Иван Родионов - Наше преступление
Егор огляделся и с той благодушной, полуиронической улыбкой, с какой все смотрели на бутыли, мотнул бородой в сторону священника и, чуть подмигнув, сказал:
– Ну, батя, чего ж? Тебе ближе. Благослови и зачинай.
Румяный батюшка, сытый, красивый мужчина лет 35-ти, с роскошными крупноволнистыми русыми волосами, тоже почему-то подмигнул, приподняв и опустив свои черные густые брови и разгладив белою пухлою рукою длинные сросшиеся с бородой усы, значительно крякнул, заворотил широчайшие рукава своей рясы, оглянул всех своими большими, серыми, пьяными глазами, потом откашлялся и густым басом протянувши полушутливо, полусерьезно «благослови Господи», взял обеими руками бутыль и принялся наливать водку в зеленые, толстого стекла, с рубчиками четырехугольные стаканчики.
Когда поминальщиками было пропущено стаканчика по два и глаза и лица замаслились и раскраснелись, избу наполнил гул голосов.
– Ну што, Иван Семенов, ведь знаешь, кто убил Ивана Тимофеева, скажи, ведь все равно этого не скроешь, – обратился священник к Демину.
– Што ж я знаю, батюшка?

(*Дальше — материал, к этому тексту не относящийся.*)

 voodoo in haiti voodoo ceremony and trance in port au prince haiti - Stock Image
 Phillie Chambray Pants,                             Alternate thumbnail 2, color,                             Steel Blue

Я ничего не знаю, я пришел уж на готовое дело... уж когда все порешивши и от их след простыл, – буркнул Демин, опустив глаза вниз и водя ими по сторонам.

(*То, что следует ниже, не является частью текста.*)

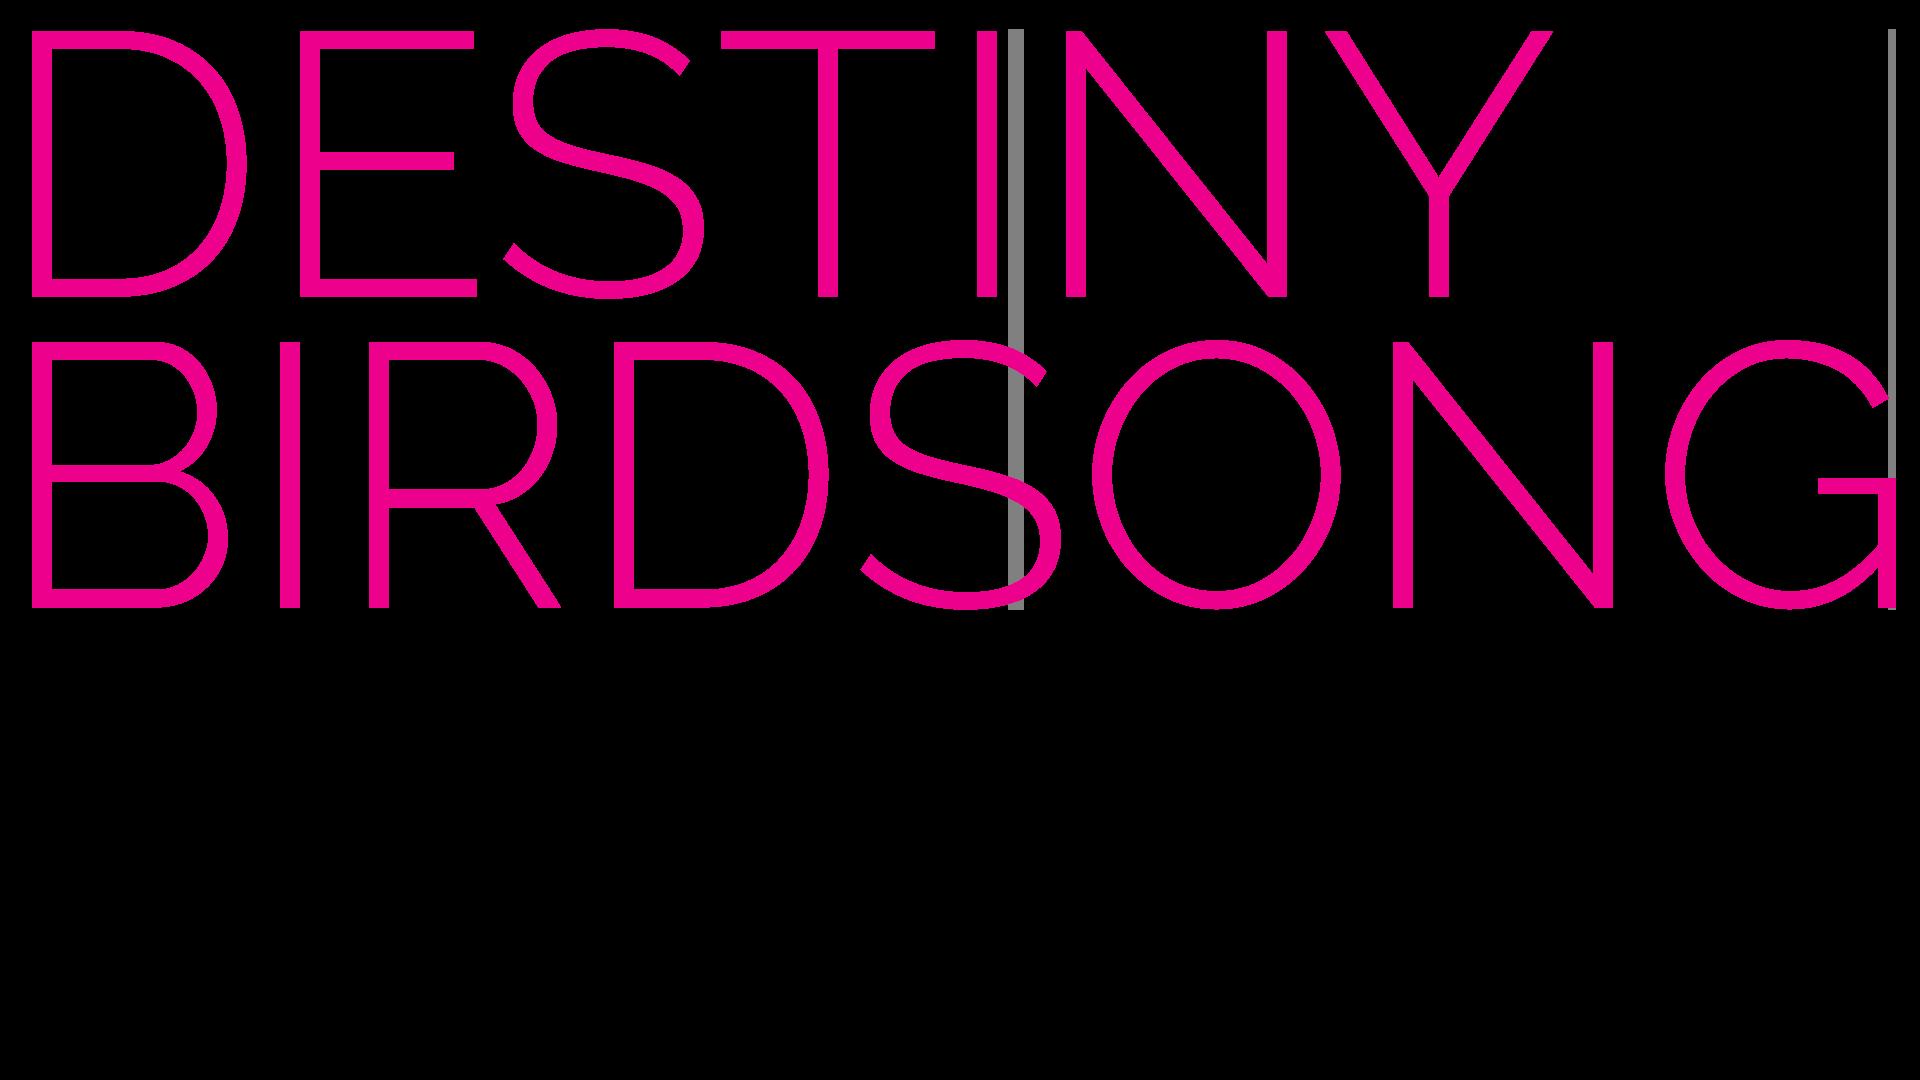 Destiny Birdsong

– Да где узнать? Рази будут мешкать? Не такое это дело, штоб мешкать. Сделали и ладно, поскорей уходи, – подхватил Иван Ларионов – отец одного из убийц, худой, длинный старик, с редкой, рыжеватой бородой на желтом, морщинистом, нездоровом лице. Еще в молодости он сорвал себе «пуп», и с тех пор всю тяжелую работу по хозяйству за него исполняла жена. Говорил он сипло, с перерывами и часто покашливал.
– Вот обнесли даром наших робят, – продолжал он. – Вот я своего Серегу под присягой пытал. Так ён перед образами божится – клянется, что пальцем никто из их Ванюху не тронул...
У стола, выйдя из стряпушной, с засученными рукавами остановилась Лукерья – жена старика Ларионова, которую за безграничное добродушие и готовность всякому и во всякое время бескорыстно услужить все любили, а за огромную физическую силу называли «баба-мужик».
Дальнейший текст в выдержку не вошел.